# Exercise inputs
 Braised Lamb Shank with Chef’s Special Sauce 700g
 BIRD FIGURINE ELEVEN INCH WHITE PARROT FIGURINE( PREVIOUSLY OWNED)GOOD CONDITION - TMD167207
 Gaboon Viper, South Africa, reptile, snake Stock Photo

* * *

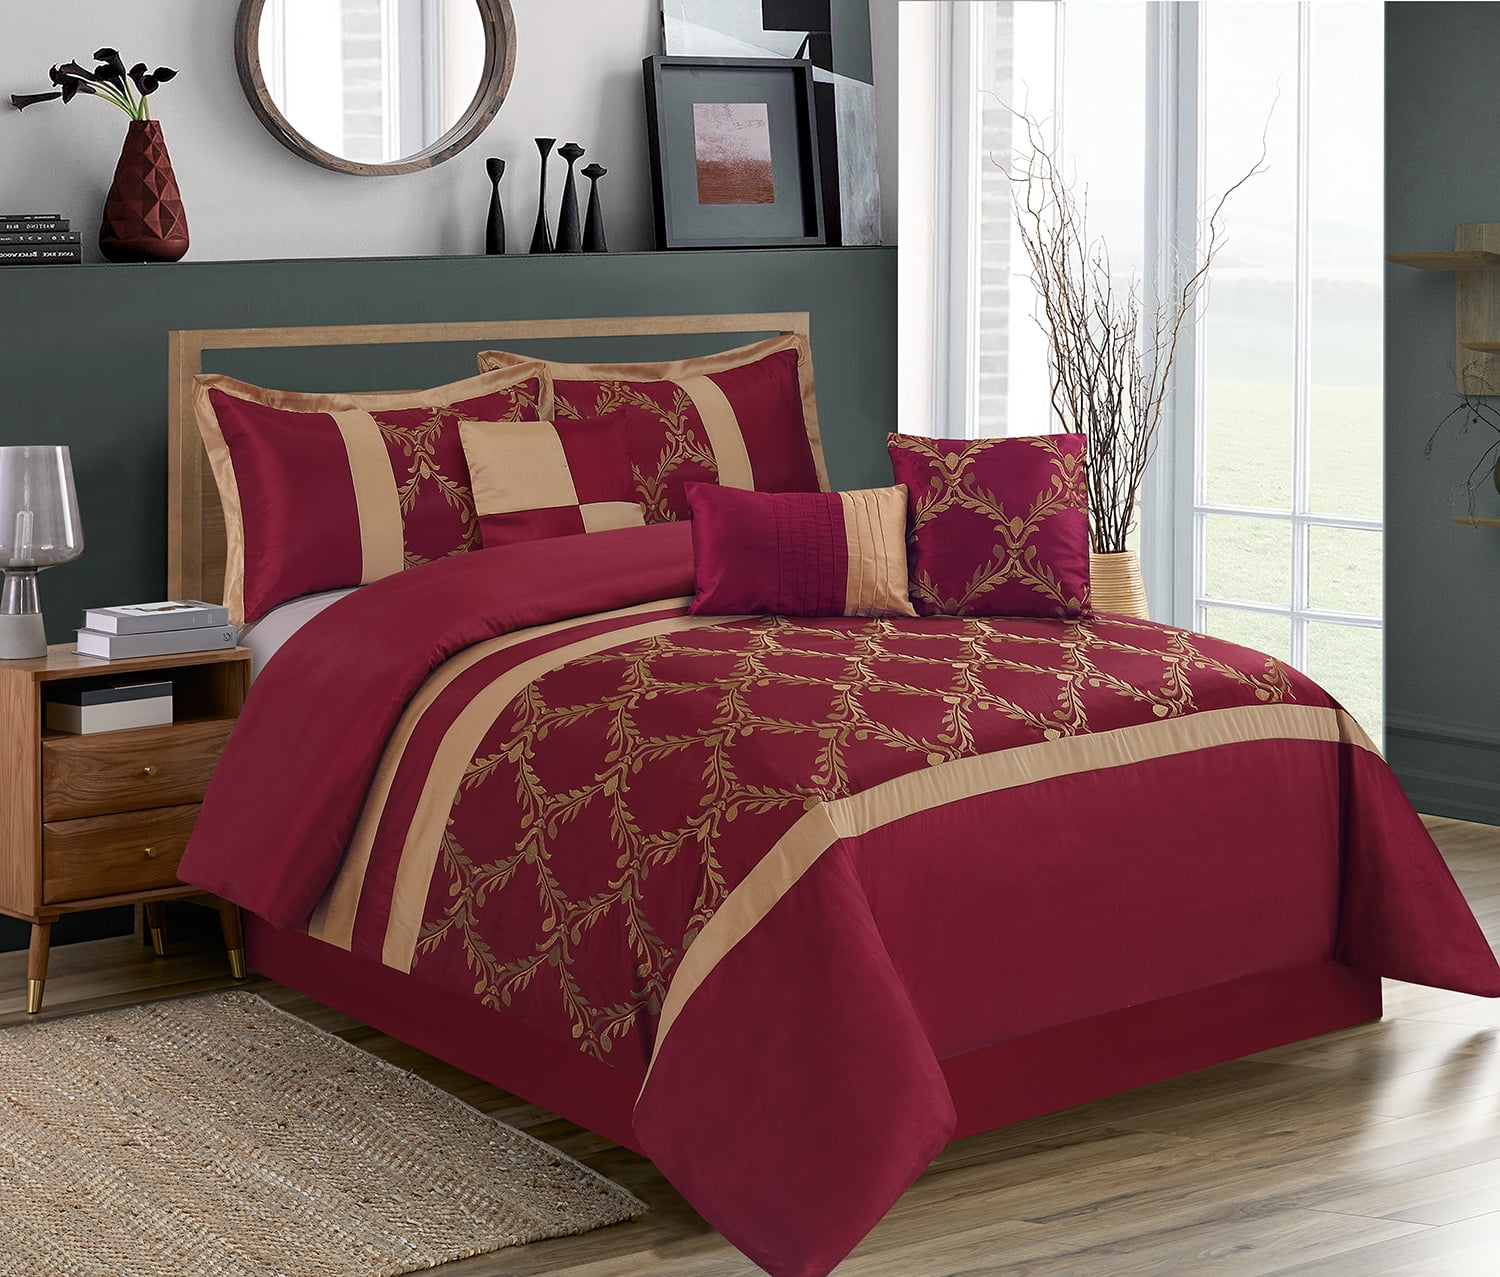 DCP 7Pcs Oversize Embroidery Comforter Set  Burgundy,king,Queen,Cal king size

* * *

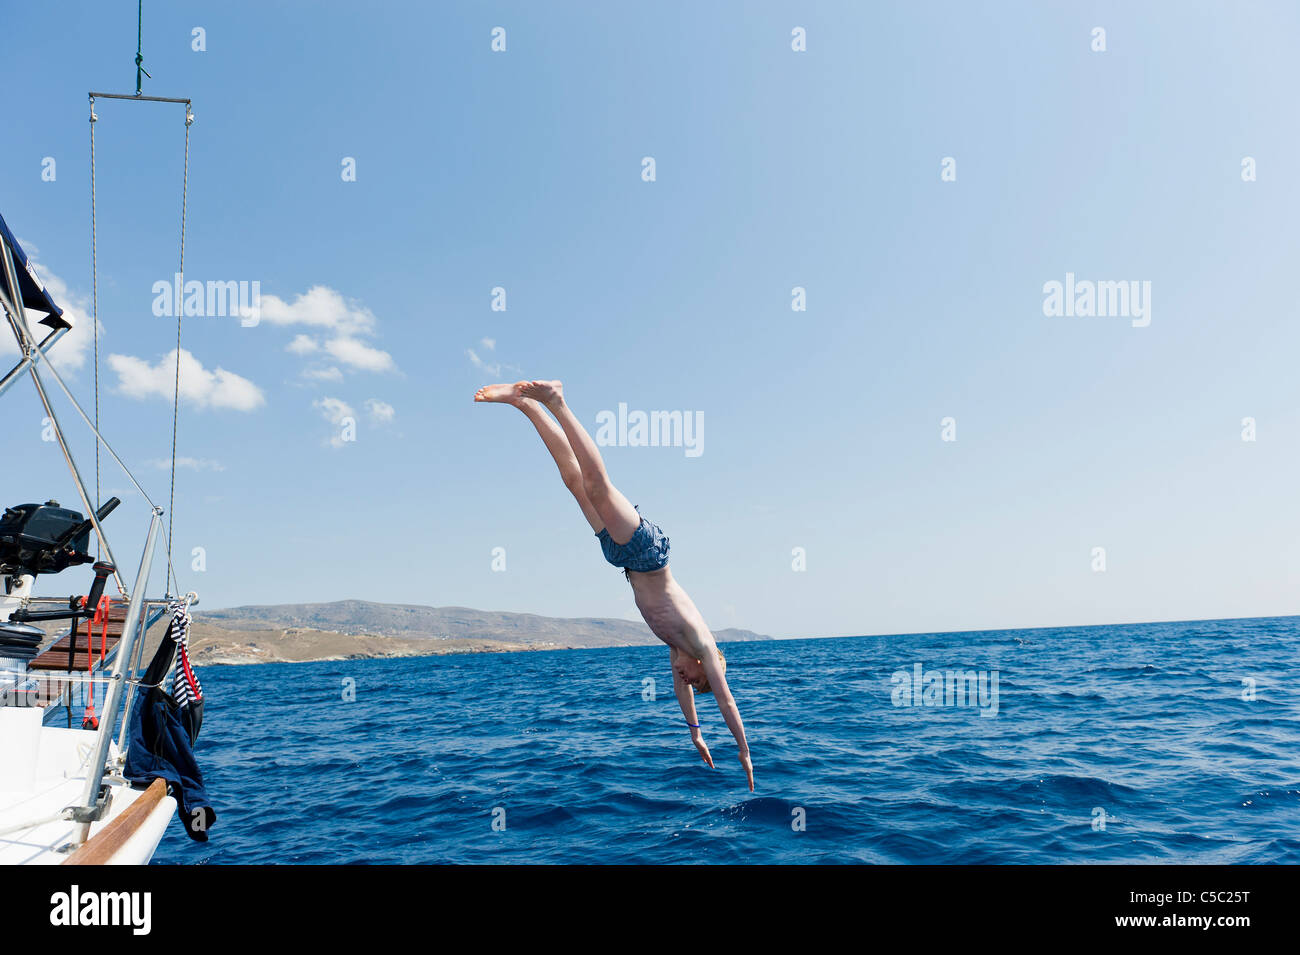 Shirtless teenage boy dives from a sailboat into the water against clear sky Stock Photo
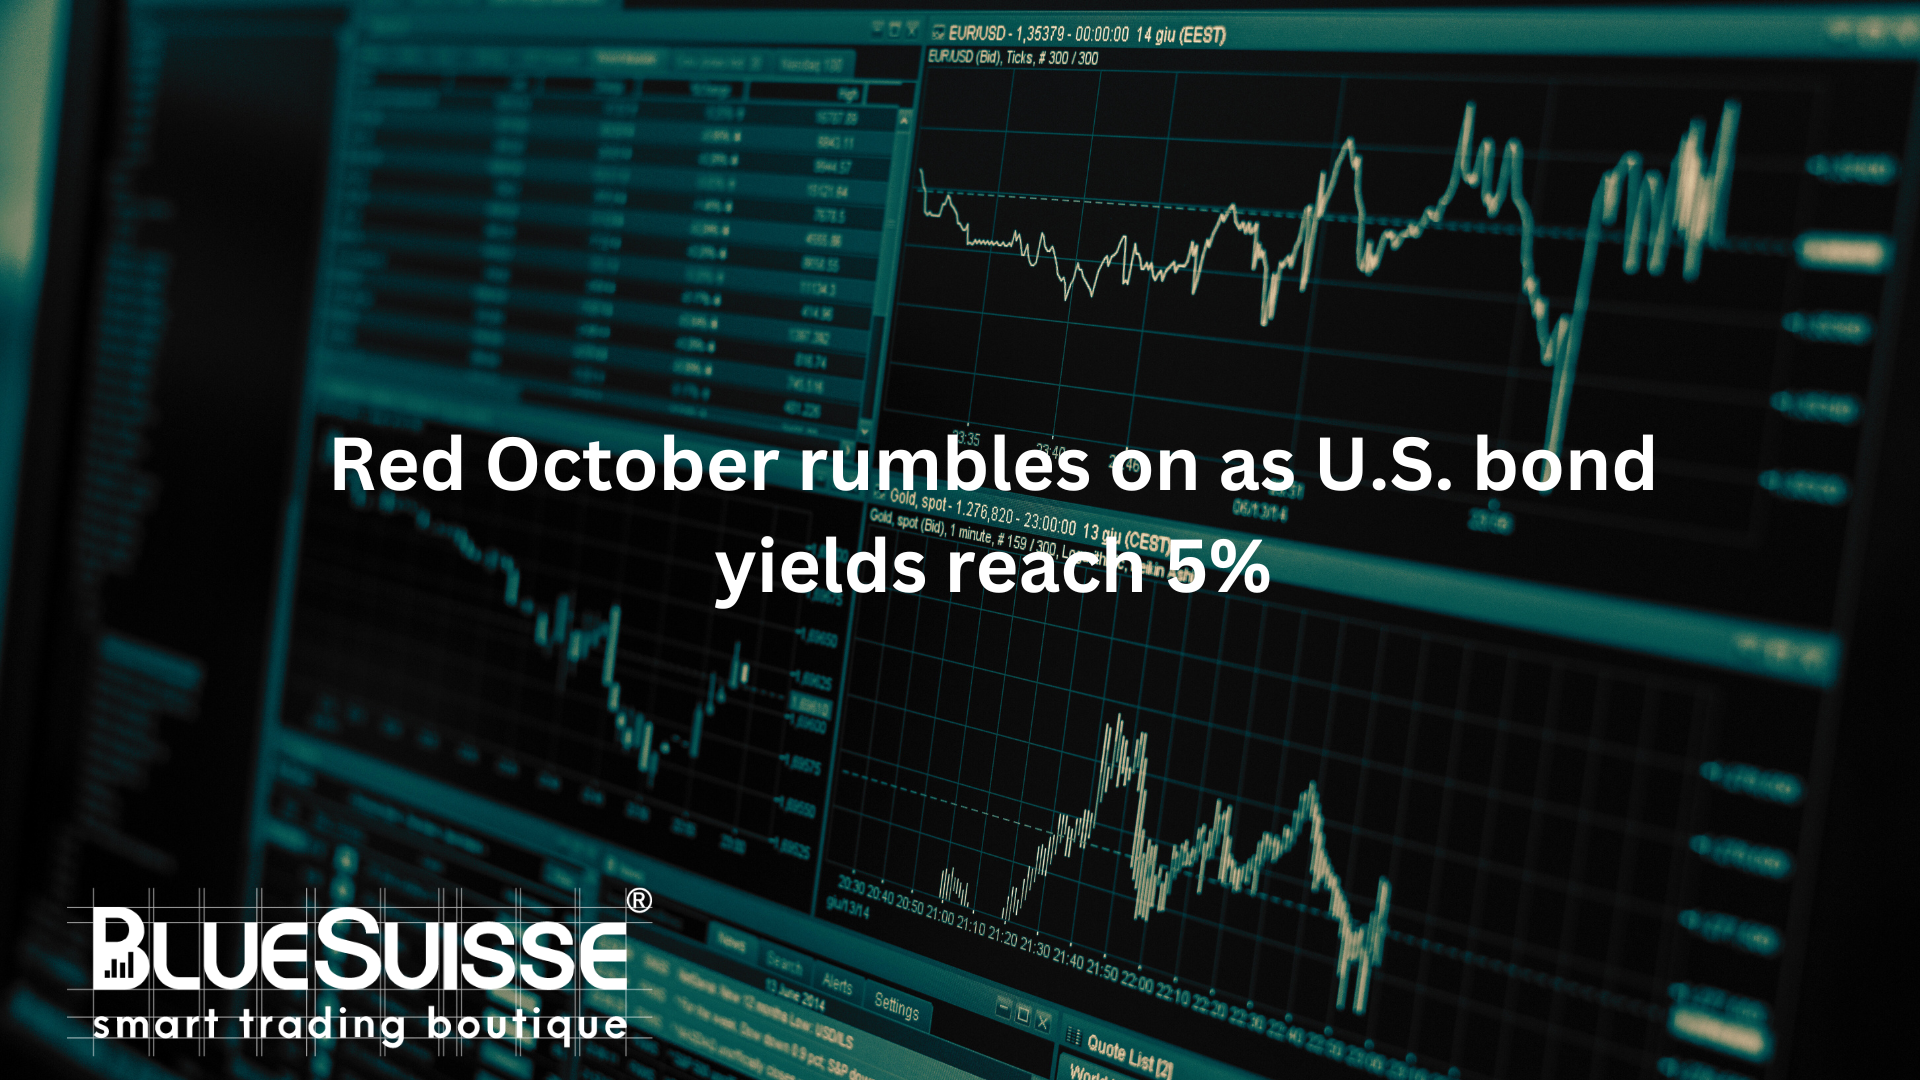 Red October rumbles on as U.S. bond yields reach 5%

# Task statement
Among the entries above, take the lines from the one with "Shirtless teenage boy" through the one with "Red October rumbles" and retype them exactly, leaving out the pictures.

# Answer section
 Shirtless teenage boy dives from a sailboat into the water against clear sky Stock Photo
 Red October rumbles on as U.S. bond yields reach 5%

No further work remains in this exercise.